With Duffy and Shivers watching on from the dock, Mr O'Connor conceded that True Allele may well become an important DNA method in the future.
But he told Dr Perlin: "You are still very much in development and you have not established your system so that it's accepted broadly within the scientific community."
Dr Perlin insisted that among scientists who develop new forensic technology his method was accepted and had been proved to work through validation.
However, the lawyer continued: "You lack objectivity and are not prepared to consider any reasonable concerns about limits to your system."
The expert said that was not the case, and noted that he and his team had resisted the temptation to release True Allele to the market for years while they developed it through 25 different versions.
"We need to maintain an objectivity in order to develop and release technology that meets our standards," he said.
Earlier, Mr O'Connor focused in close detail on the tests the expert conducted on the sample from the mobile phone.
Dr Perlin ran more than 100 tests on nine separate genetic samples - three originals and two subsequent enhancements of each of those. He said his final "likelihood ratio" of 6.01 billion was a representative figure of those outcomes.
Mr O'Connor noted that on some samples the computer had come up with a much higher ratio and on others a much lower.
He put it to the witness that there was a significance difference in the range of figures produced.
The expert said, statistically speaking, the difference was not marked.
"What was reported on was the centre of the distribution of likelihood ratios that were observed," he said.
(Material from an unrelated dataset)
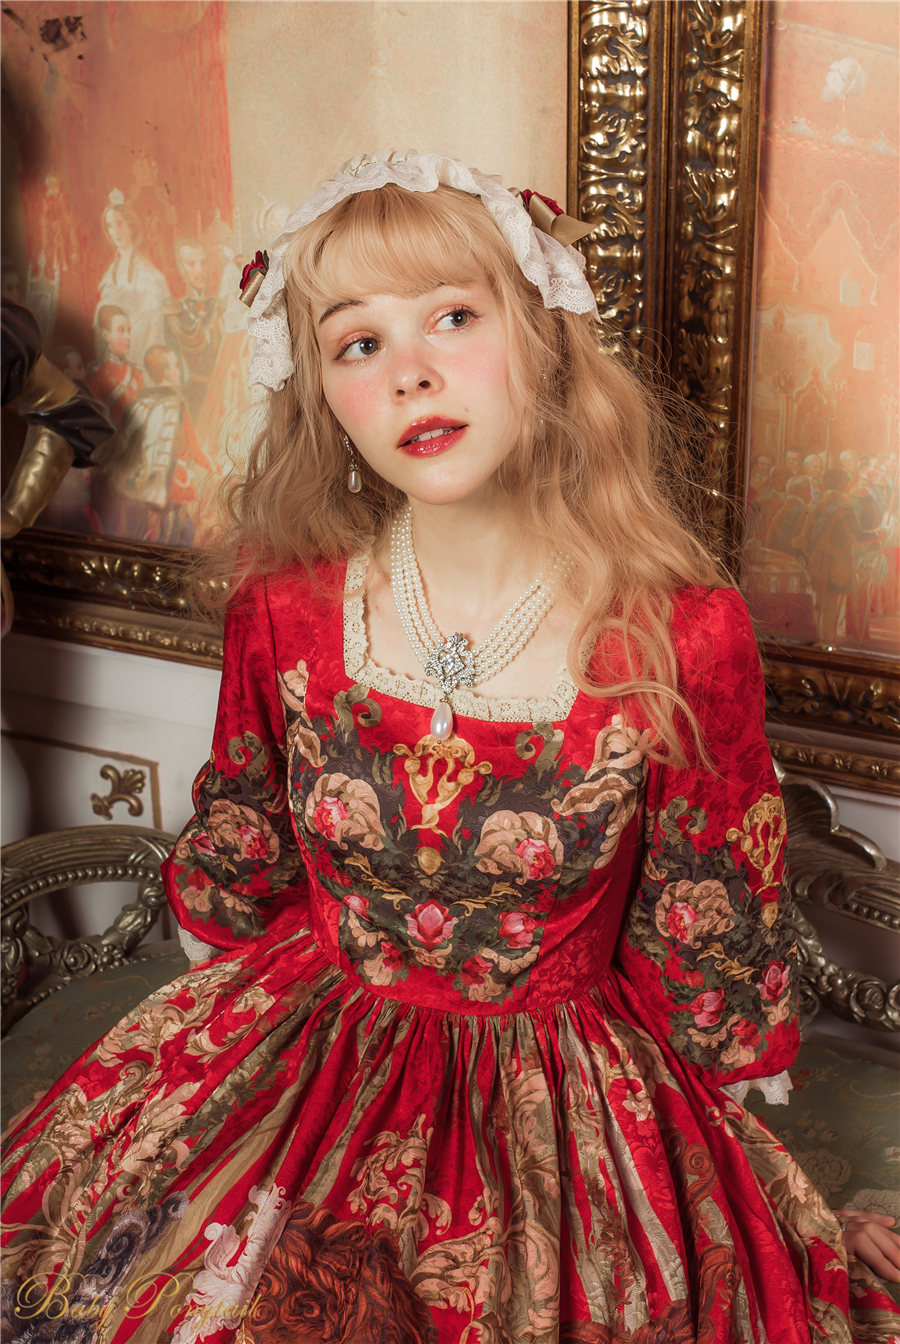 BabyPonytail_Rose Battle_Model Photo_OP Red studio_Claudia_02.jpg
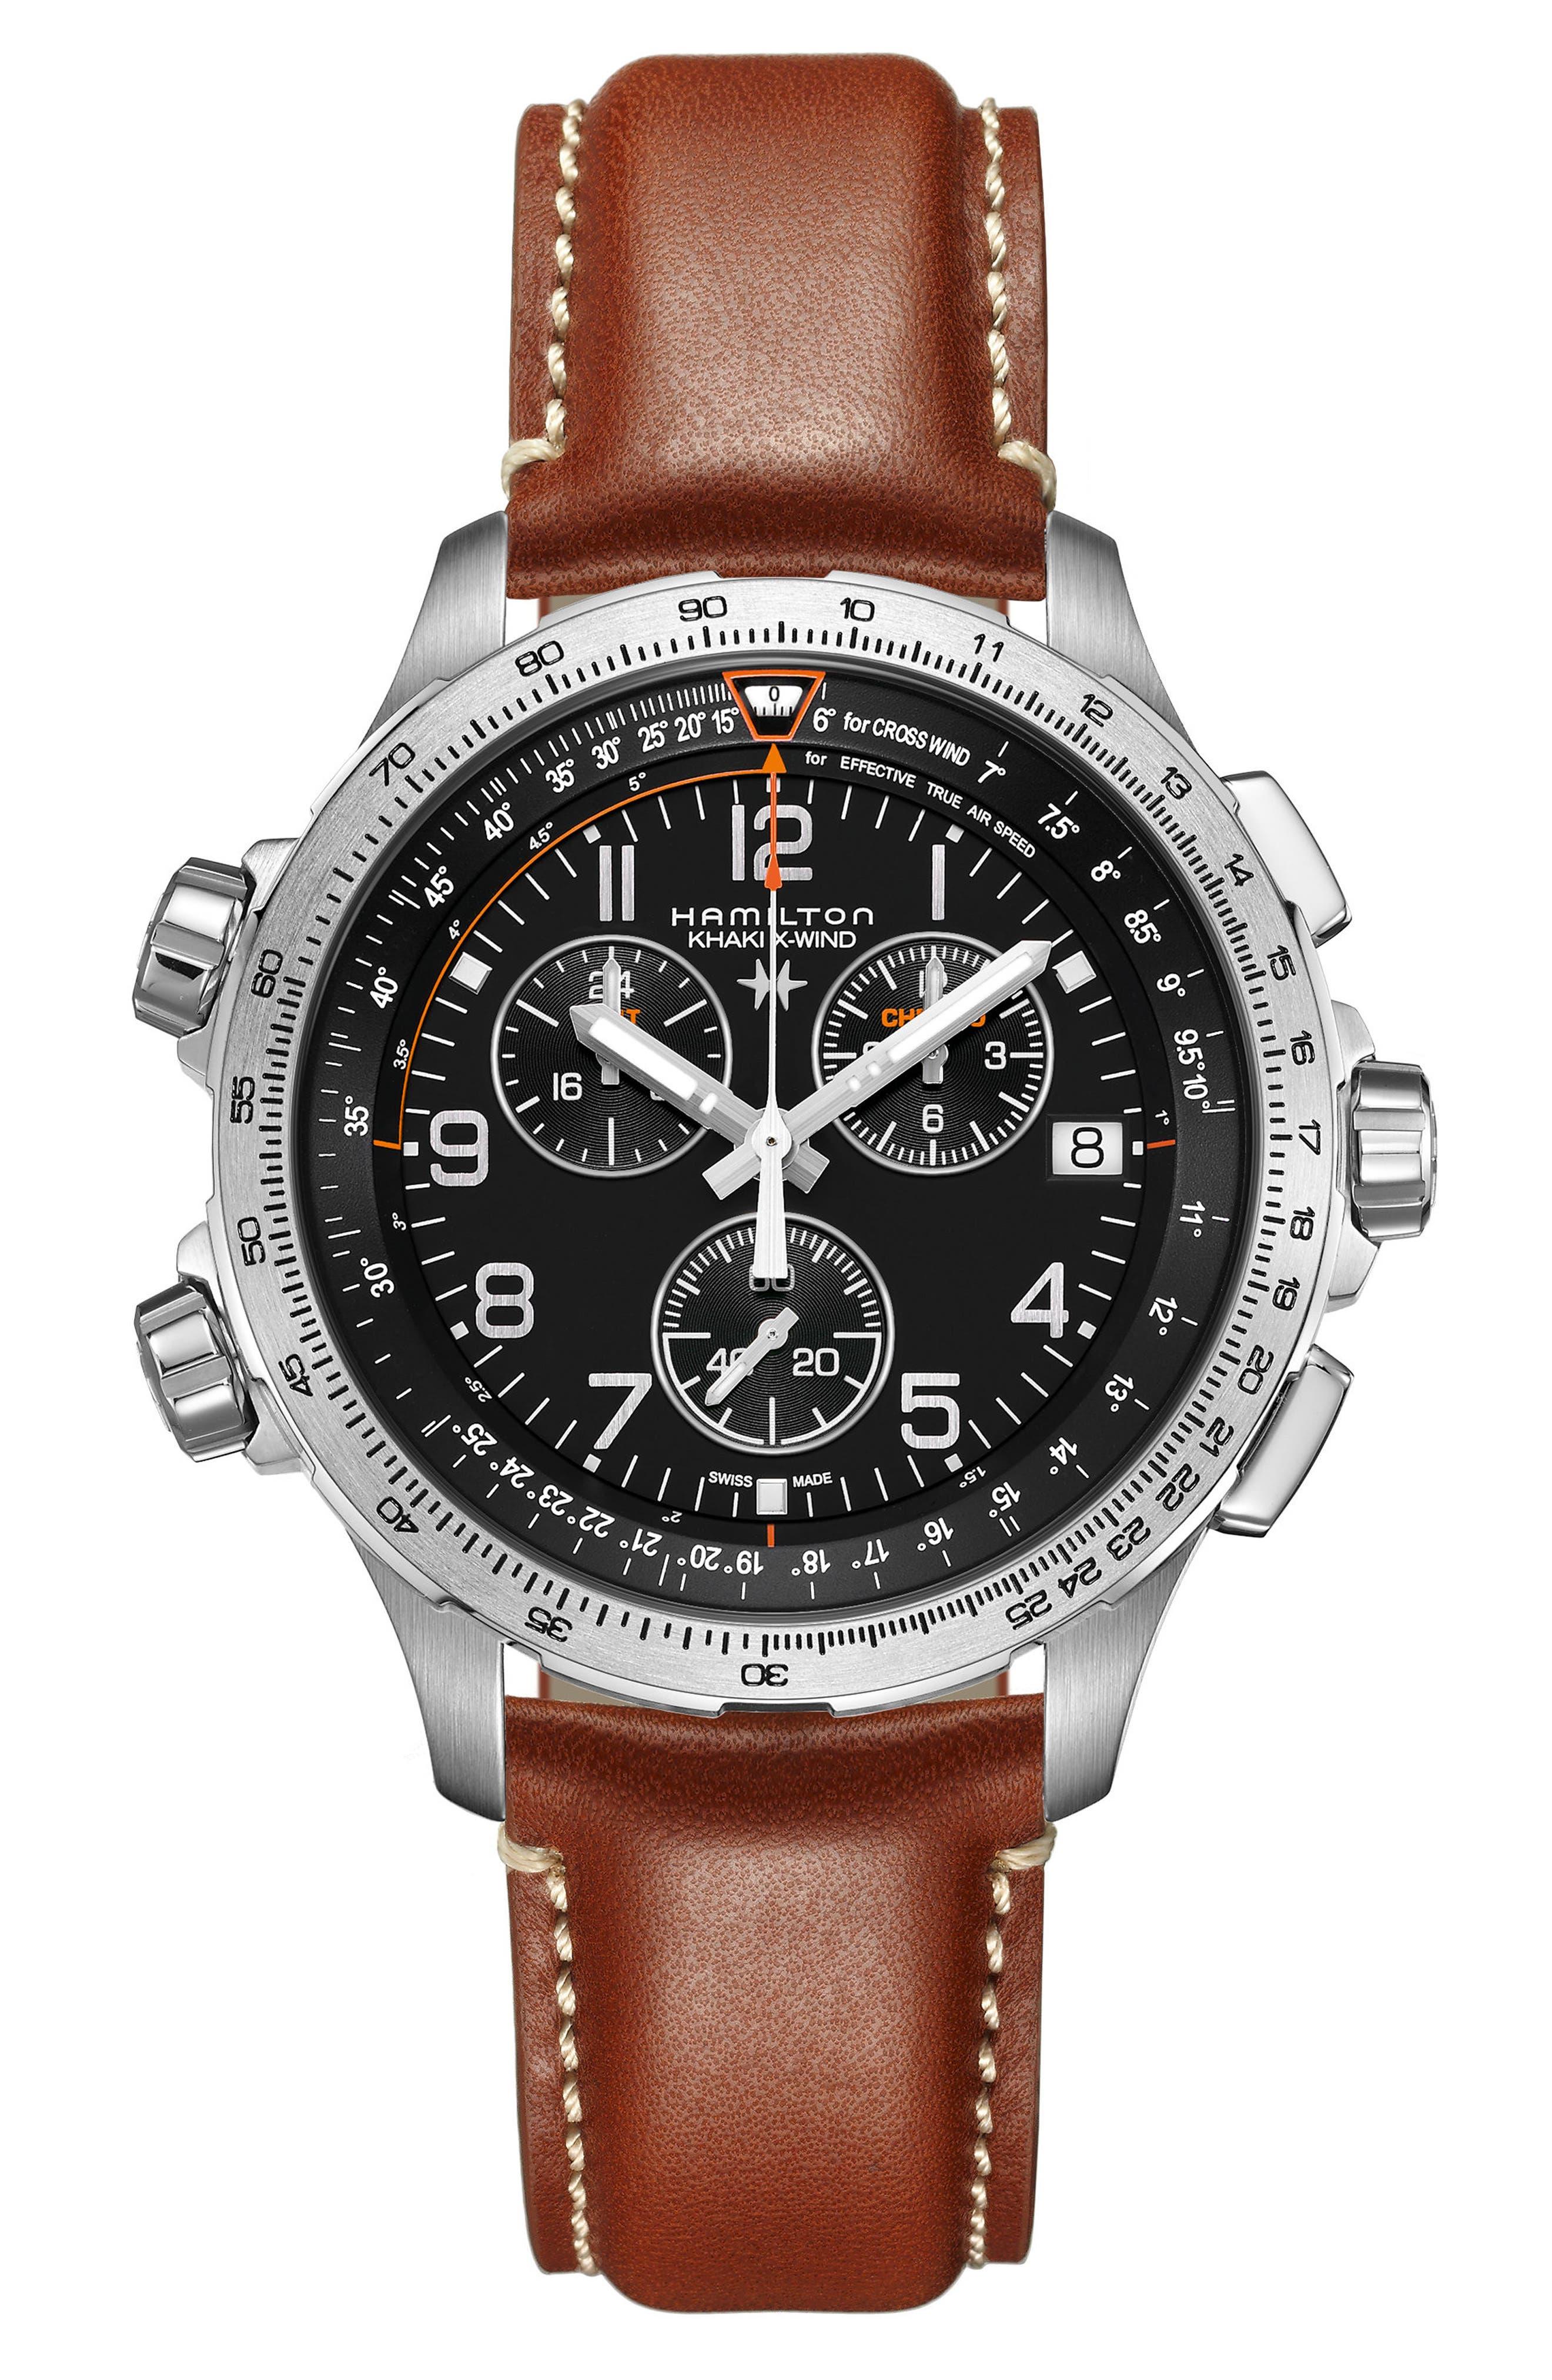 HAMILTON Khaki X-Wind Chronograph Leather Strap Watch, 46mm

Mr O'Connor claimed Dr Perlin had only reported on a tiny fraction of all the tests he had run.
The expert said that was the accepted practice in such scientific analysis and rejected the claim he had failed in his "duty of candour" by not presenting all the findings up front.
"The common practice is to report on a statistic that is representative instead of overwhelming with a lot of detail which is not asked for - that is the common practice we have come to know," he explained.
The lawyer also asked Dr Perlin why he had not asked the computer to run tests that factored in four potential contributors to the DNA sample when another expert - Dr Emma Watson - had claimed there were possibly four.
Dr Perlin explained that Dr Watson was looking at all the samples collectively while he was referring to the nine individually, none of which showed four contributors.
Dr Perlin is set to conclude his evidence on Tuesday via video link from Pittsburgh in the USA.
The trial adjourned to sit again on Monday.